Estando lá no palco, eu deveria ser irreverente, sarrista, sacana, amargo, azedo, sério, sisudo,…? Não poderia parecer arrogante, isto é o que queria evitar ao máximo. E na cabeça das pessoas os cientistas já tem esta cara de arrogante detentores (ou detentos) da verdade. Melhor fugir disto. Muita gente cobrou que fosse mais incisivo, tentasse ganhar a palavra mais um pouco e até ridicularizar os malucos em cena. Mas é difícil achar o ponto exato de ridicularizar sem cair na máscara arrogante que afasta o telespectador. TV é simpatia! Acho que num programa como este o ideal é ser levemente ácido, ou azedinho-doce (existe ainda este chiclete?): doce com a apresentadora e a produção SEMPRE, e ácido apenas com os convidados e as câmeras ligadas.


Cientista ou divulgador?

Durante o programa recebi vários twits pelo @Rafael_RNAm (<- siga!) e alguns me chamaram atenção com relação a eu ter me classificado como divulgador de ciência e não como cientista ou biólogo. Uns acharam chique, outros acharam ridículo.Independente de gosto, eu estava lá não como especialista da minha área, afinal um astrônomo, físico ou geólogo (ou um psiquiatra) poderiam estar ali como especialistas.
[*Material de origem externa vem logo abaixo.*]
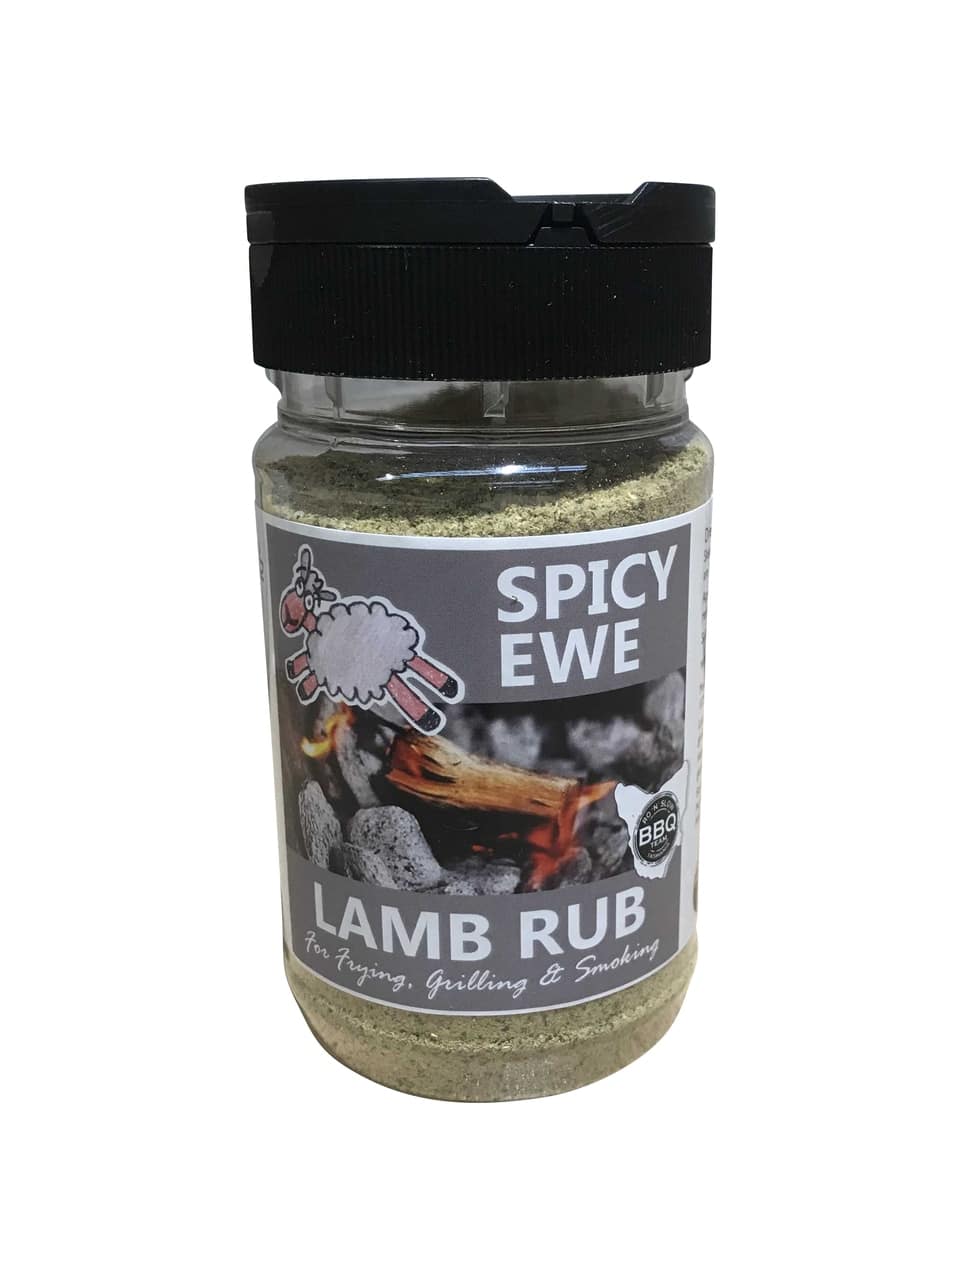 Spicy Ewe - Lamb Rub
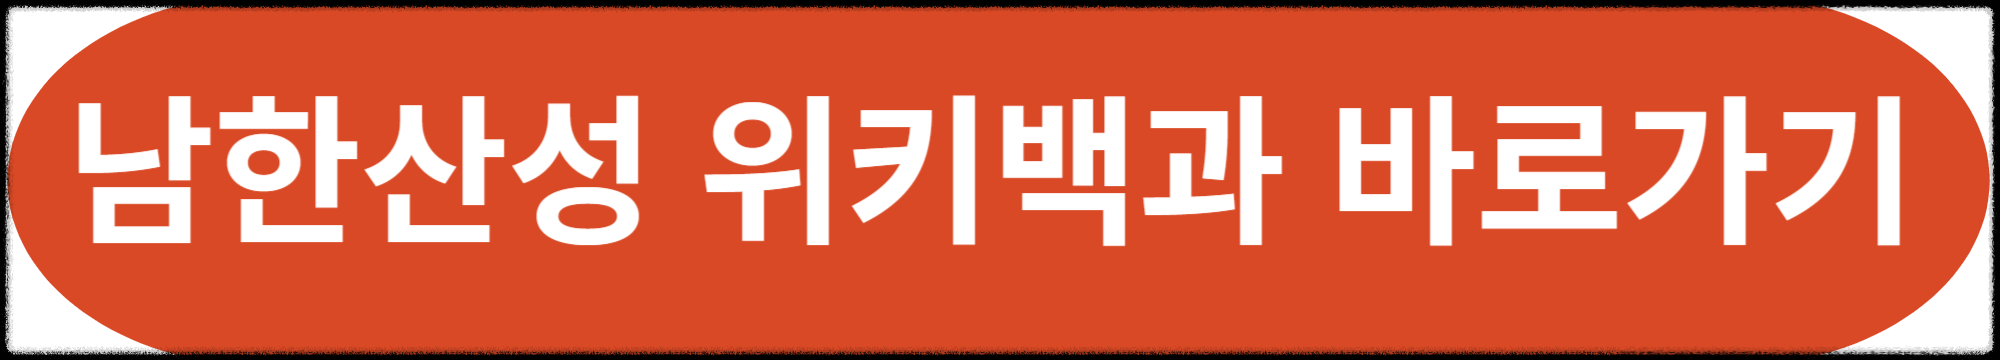 남한산성 위키백과

Mas como o que se pôde arranjar foi EU, não quis me apresentar como biólogo. Não pra não queimar o filme, mas porque não cabia mesmo e acabaria até tirando a pouca autoridade que eu poderia ter.

Na questão de gosto, acho o título “divulgador de ciência” muito garboso e deveria ser mais utilizado, acabando assim com a autoridade excessiva e distanciadora do ES-PE-CIA-LIS-TA, e abrindo caminho a estas pessoas que, como eu e o Scienceblogs todo, estão mais treinados em falar sobre ciência com os não-cientistas. Coisa que poucos especialistas ou cientistas sabem fazer.

Só mais duas coisas:
1- Viu a camiseta do Scienceblogs Brasil que estou usando? Acabou de sair do forno, que acharam?
2- Quem acha que Luciana Gimenez é burra, pode esquecer. E eu gostei dela. Juro!